Your output should be everything below from the line containing "isabel madow video porno anal xxx" down to the line containing "Map Maps Globe", both ends included, copied exactly, with pictures left out.
───── The data
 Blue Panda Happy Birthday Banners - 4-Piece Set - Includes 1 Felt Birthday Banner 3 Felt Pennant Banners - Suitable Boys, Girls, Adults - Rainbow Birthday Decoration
──────────
───── The data
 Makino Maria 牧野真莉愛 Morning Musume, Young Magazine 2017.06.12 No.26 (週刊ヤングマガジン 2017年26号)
──────────
───── The data
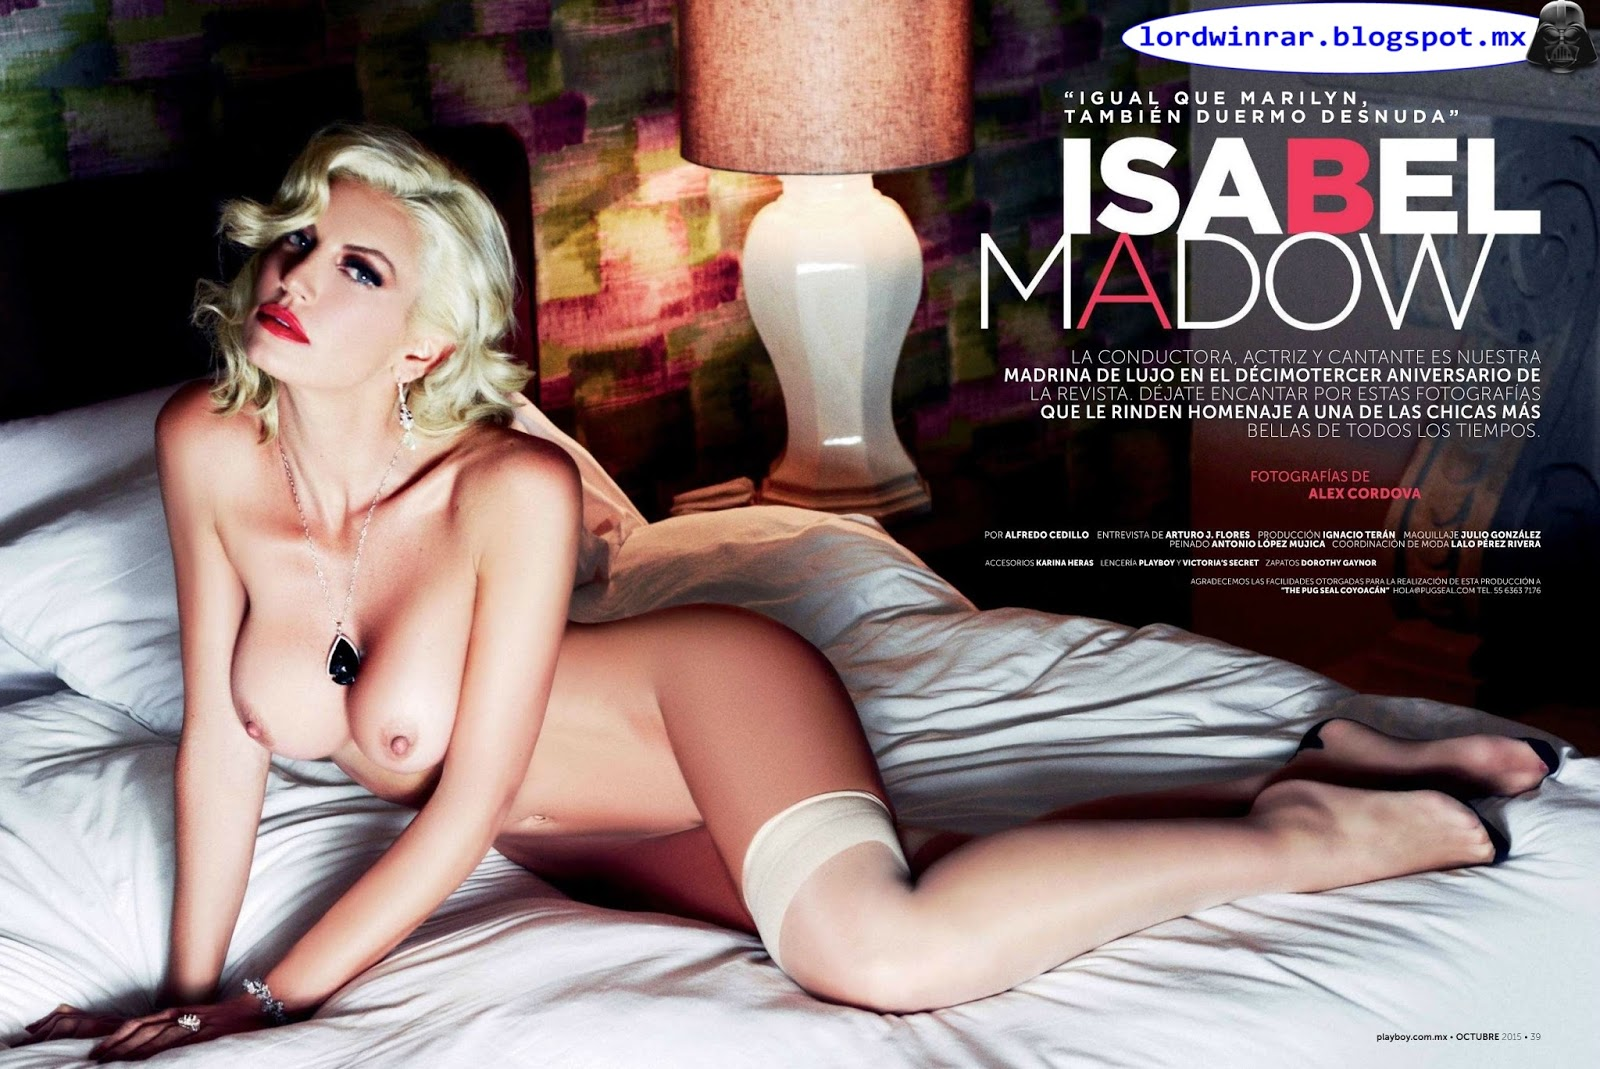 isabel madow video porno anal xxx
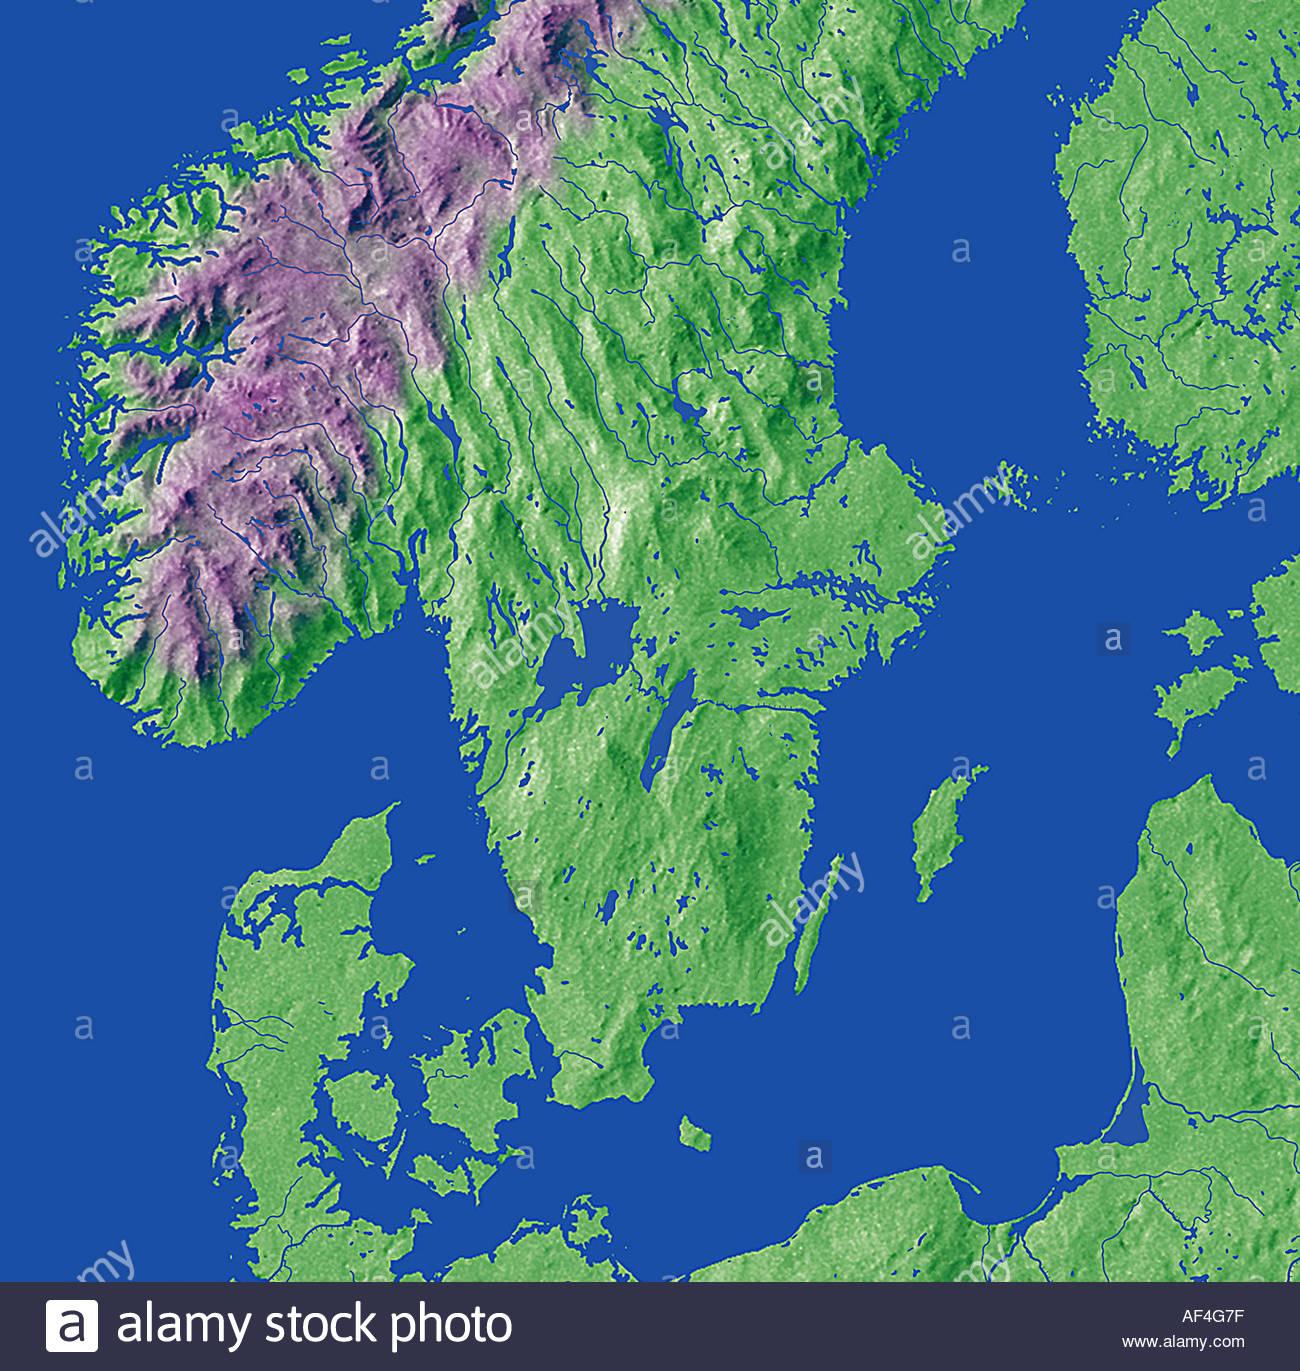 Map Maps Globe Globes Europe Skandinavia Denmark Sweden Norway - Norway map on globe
──────────
** Reply to the task **
 isabel madow video porno anal xxx
 Map Maps Globe Globes Europe Skandinavia Denmark Sweden Norway - Norway map on globe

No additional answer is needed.